US companies are expected to report their worst sales decline in nearly six years when they post second-quarter results, giving investors reason to worry about future profits.
US firms have managed to drive 2015 earnings by cutting costs, a practice they turned to during the financial crisis. They have also used share buybacks to lift earnings per share.
But it is hard to make a case for sustained earnings growth given forecasts for a second quarter of revenue decline in a row at S&P 500 companies, which begin reporting financial results in earnest this week.
Though analysts expect corporate America to show a decline in second-quarter profits, according to Thomson Reuters data, some strategists expect them to defy those forecasts and eke out a gain, just as they did in the first quarter.
The question is how long S&P 500 companies can outrun a downturn in sales, which have been hit by a fall in energy company revenues and a strong US dollar.
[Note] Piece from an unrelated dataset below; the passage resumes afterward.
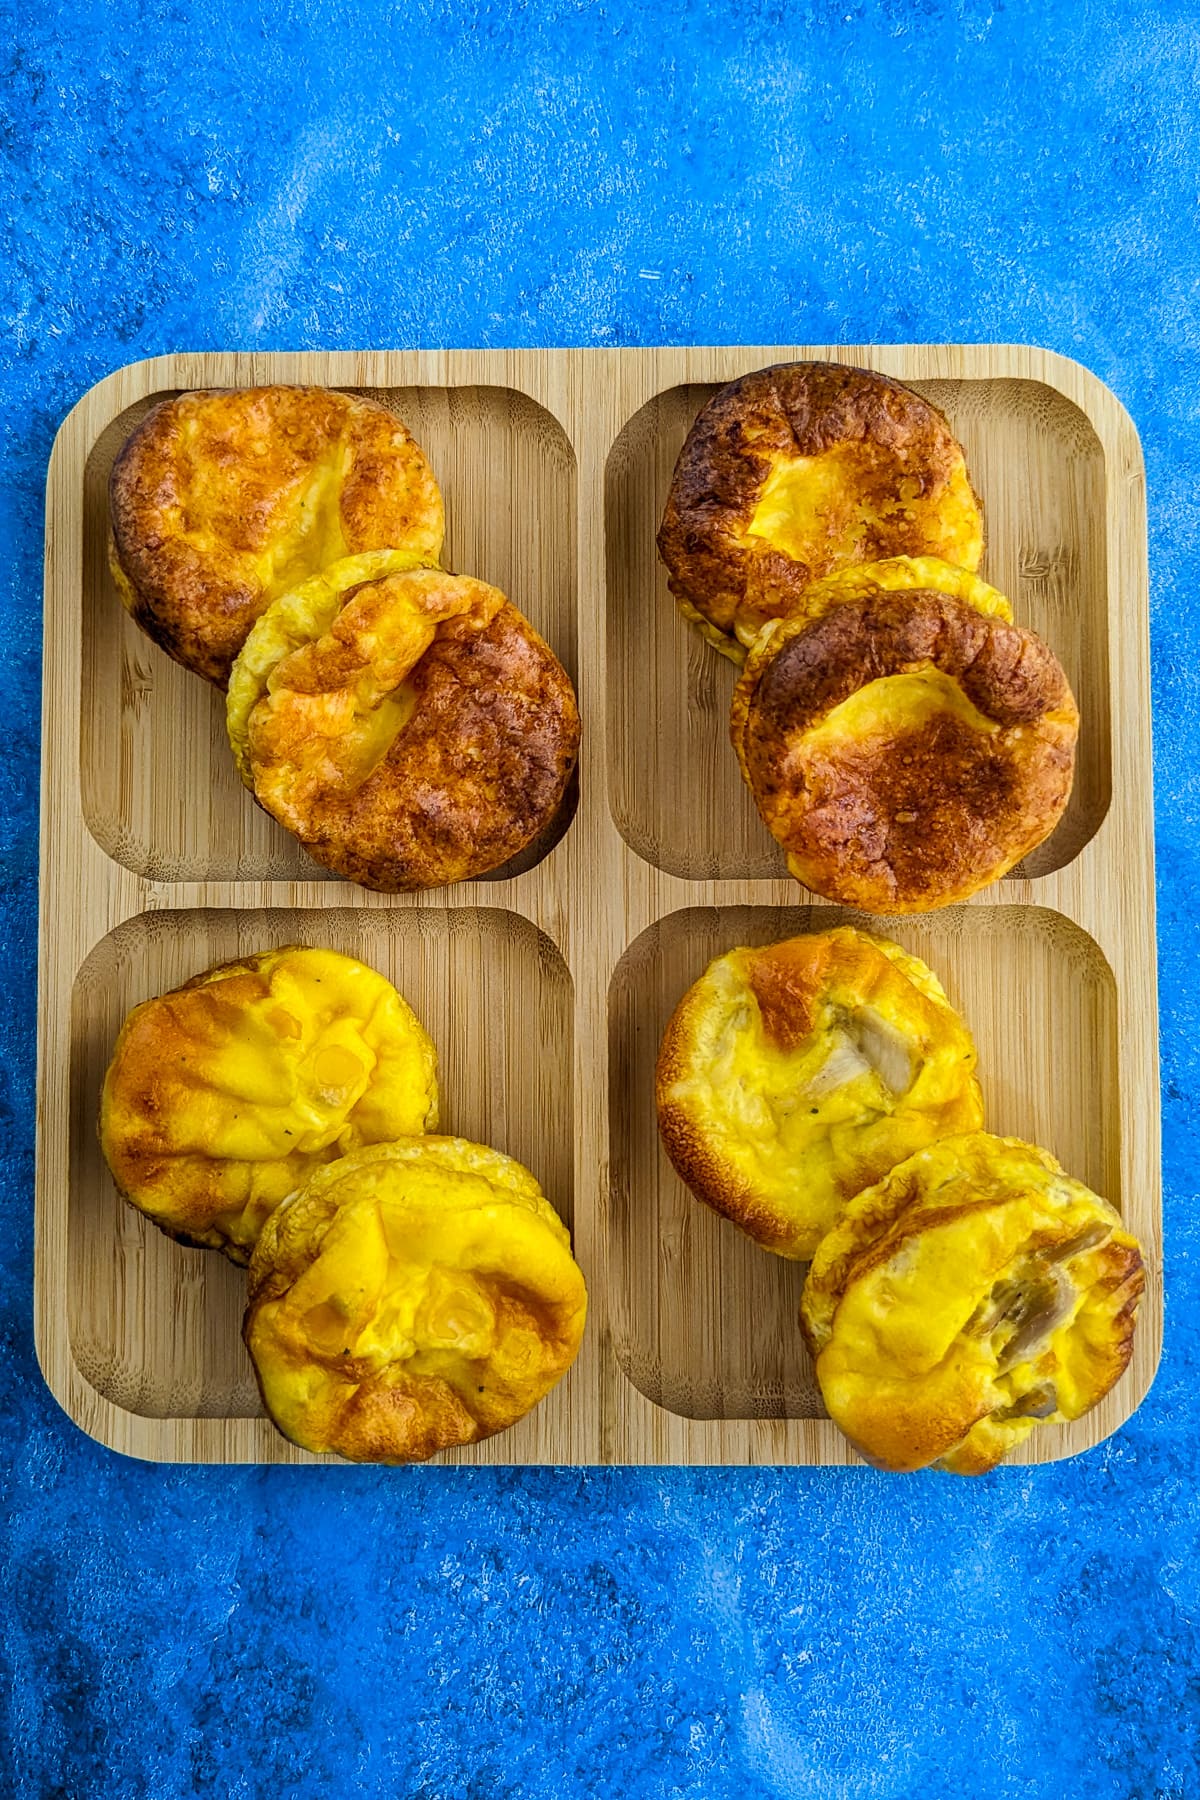 4 variations of egg muffins for kids on a wooden plate.

This second quarter reporting period is expected to mark the 16th quarter in which sales performance has lagged that of earnings for S&P 500 companies.
Q2 S&P 500 revenue is expected to have fallen 3.9% from a year ago, according to Thomson Reuters data, marking the steepest decline since the third quarter of 2009. That follows a 3.1% slide in first quarter sales.
Q2 earnings are expected to have fallen 2.9% after a 2.2% rise in profits during the first quarter, when analysts had also forecasted an earnings decline.